At least my points about unit makeup also provides insight on another issue: how the Anti-Air Missile Launcher, the Fighter, and the Submarine are deemed inept units. The latter two wouldn't be such in a bubble, but all 3 would still be unable to attack infantry. The least expensive unit the Anti-Air Missile Launcher and the Fighter can attack is the Transport Helicopter which map design should be checking to avoid having the APC become redundant; after that, the Battle Helicopter is next and that costs 9000G. You can see how these units are easily undermined by target existence failure and thus are doubly susceptible to the floods. Worth noting in particular is that the original Famicom Wars did at least give the Fighter an MG that could attack land units and that's been kept as a staple in the Game Boy Wars series so it could actually contribute to combatting infantry floods, but Super Famicom Wars locked the Fighter to pure air-to-air and the rest is history. The Anti-Air Missile Launcher never even got that much except in Battalion Wars 1 (by happy accident) and my PALBal patch of Game Boy Wars 3. It gets away with this issue in Battalion Wars because units are predeployed there anyway, but the turn-based games have more of a sandbox nature where air units will not easily be as common.
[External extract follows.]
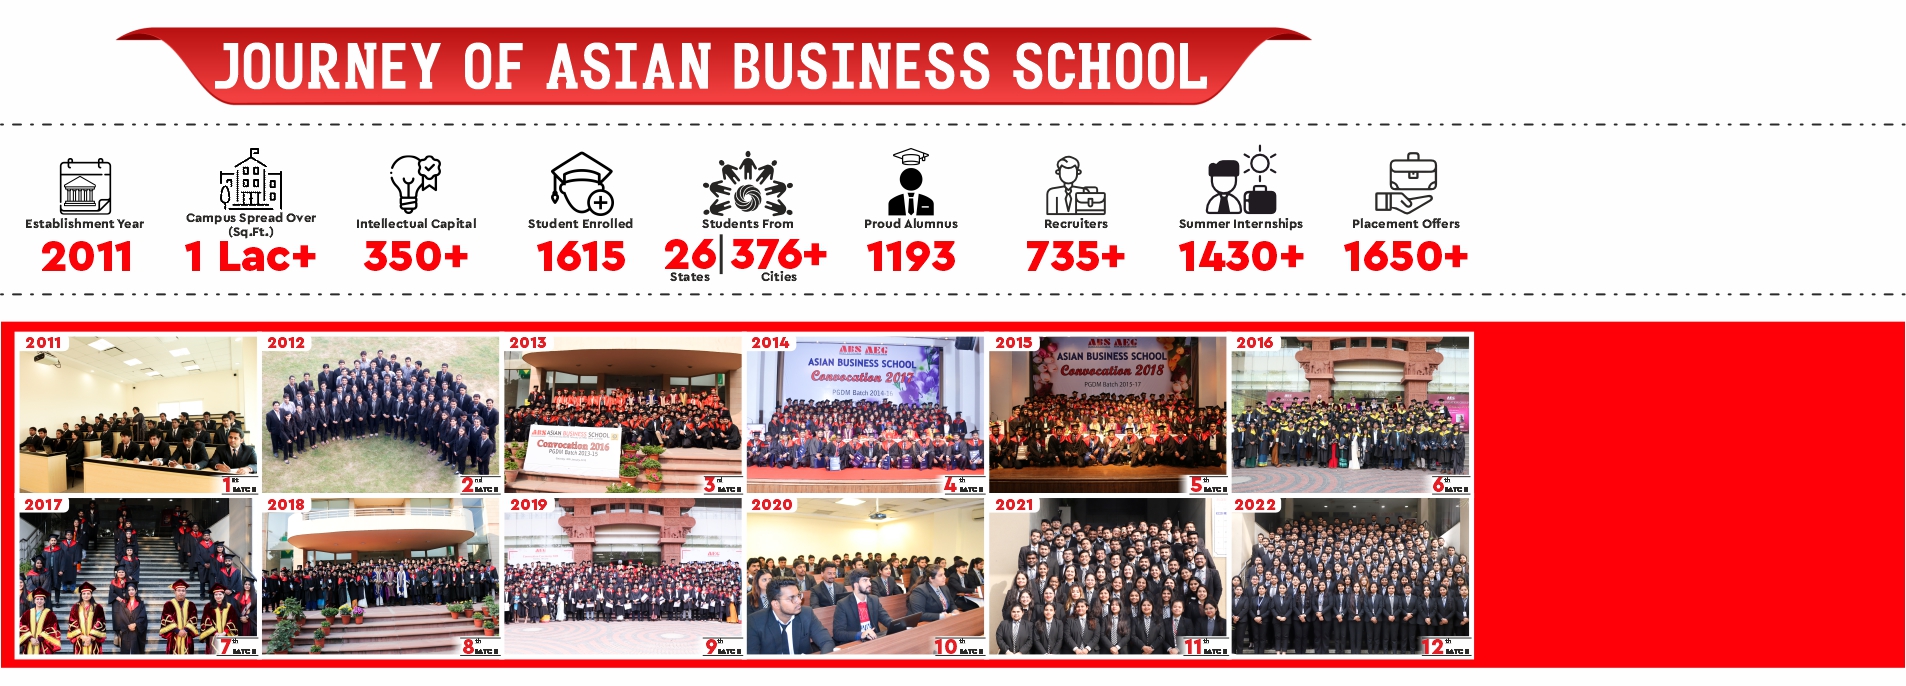 JOURNEY OF ASIAN BUSINESS SCHOOL

As for the Submarine, it attacks only naval units and all that implies with their even higher costs.
Closing[]
When all is said and done, this analysis doesn't change how the games are designed and probably won't do anything useful for them. Foot soldier flooding is still going to be a concern in the built-in games. However, the whole point is to see what happens and how future games can fix the underlying issues while maintaining what does work. Of course, it does mean having to get past the communities' racism and its enablers. Nevertheless, I can at least provide my 2 cents about gameplay where the racists and their enablers won't have the power to throw about their gross hypocrisies.
One thing is for sure: when it comes to gameplay and not social issues, infantry spam methods do have to be called out and analyzed.